Christianity was an international religion with foreign origins, and like many elite cultural constructions of the pre-modern oikoumene its existed operationally as a social network across the various cities around which elites congregated. In some ways the vast sea of villages which filled in the landscape were untouched by many of the cultural innovations occurring in the cities. A Neolithic person might be confused by some aspects of Roman village life (in particular, access to standardized manufactured goods), but they would be totally flabbergasted by the city of Rome.

Over the 200 years between 400 AD and 600 AD the population of Rome probably went from ~500,000 to ~50,000. The decline of the Western Empire and the period of the Gothic Wars choked off the economic subsidies which could maintain the city’s population by drawing newcomers. And yet the Bishop of Rome, the Pope, remained in the city. If Patrick and I are correct then medieval Rome was repopulated by the descendants of peasants from Lazio, the hinterlands around the city.
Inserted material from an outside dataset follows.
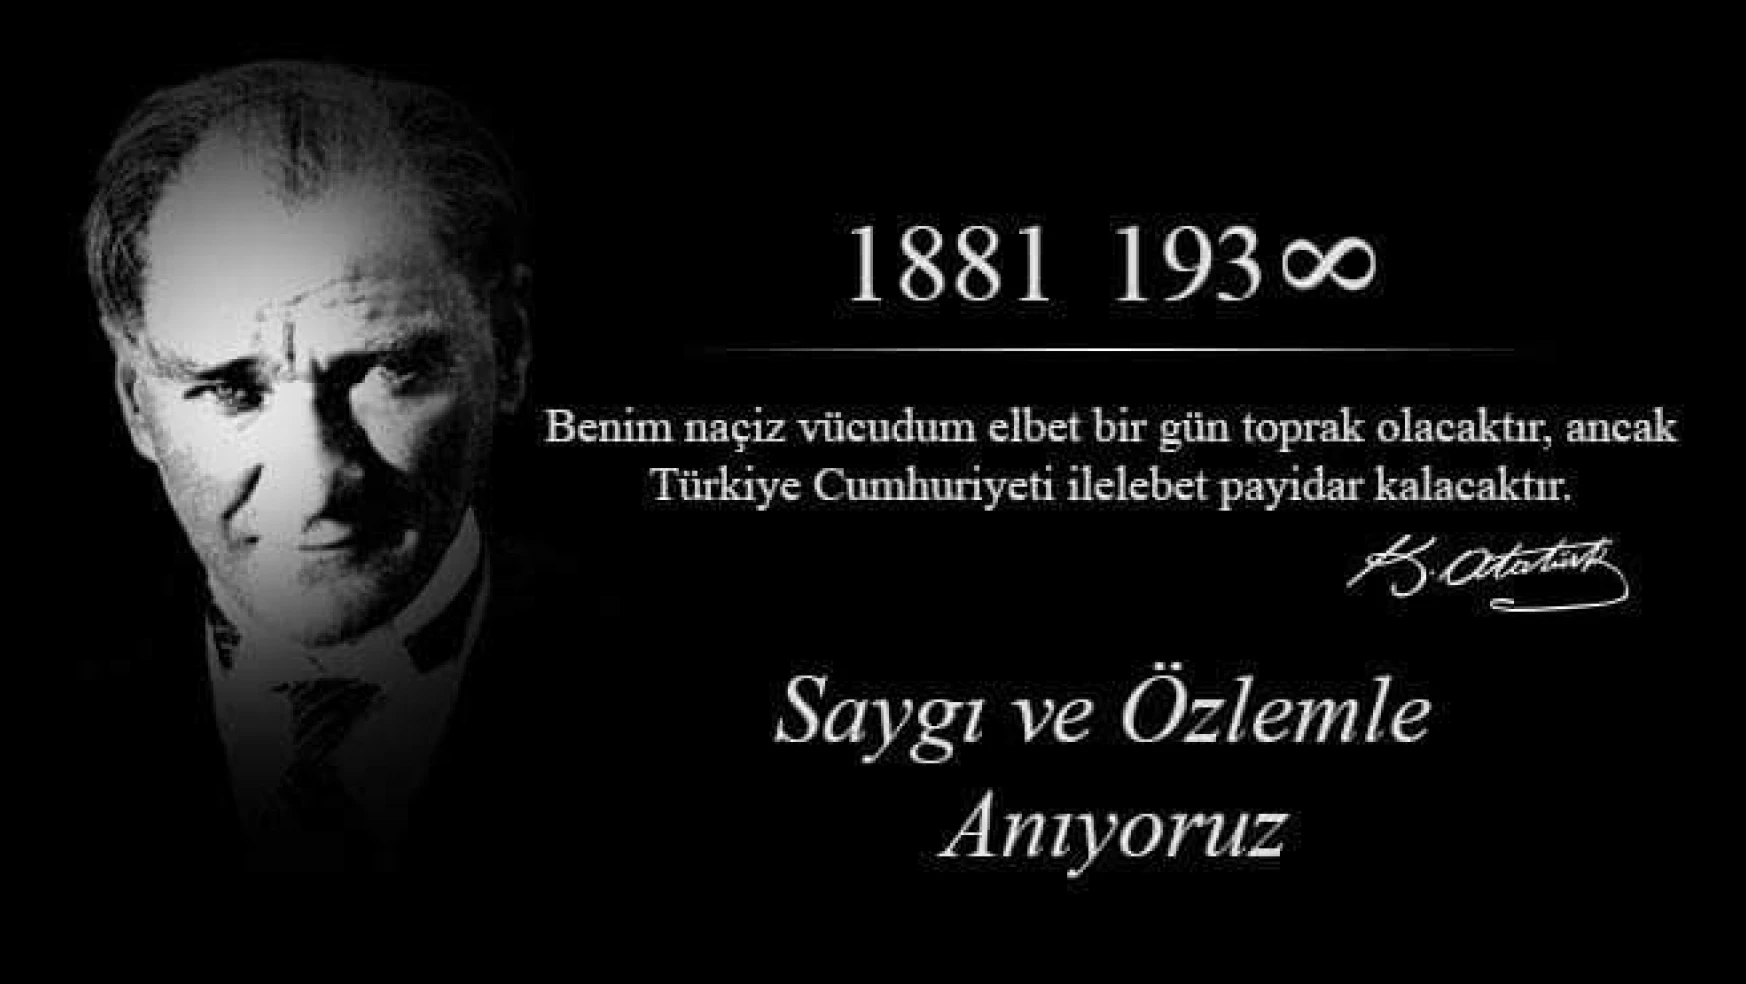 Ulu Önder Mustafa Kemal Atatürk'ü saygıyla anıyoruz

Some scholars, albeit often from a partisan Protestant viewpoint, have suggested that the Western Christian Church of the early Middle Ages did not truly Christianize the peasantry. Whether this is true or not, it does seem to correct to say that deeply rooted popular Christianity took many centuries to become pervasive in rural areas. Despite their relative decline in the medieval period, both substantively and in terms of cultural prestige, cities remained remained the stalwart redoubts of Roman Christianity. They were the braintrust of European civilization, even if they were not demographically self-sustaining.

To a great extent the last ten years has seen a refutation of “pots not peoples.” It turns out that many of the archaeological transitions seen in the physical record correlate with demographic changes inferred from genetic changes. And yet we know from history that some peoples and social groups which were highly influential left far less of a demographic footprint. I suspect that the rise of cities and complex polities transformed the “pots not peoples” calculus significantly.

* Google the fact that about ten years ago Stark was dismissing reports that Americans were getting more secular as wishful thinking by biased liberal scholars. Who do you really think had a bias with hindsight?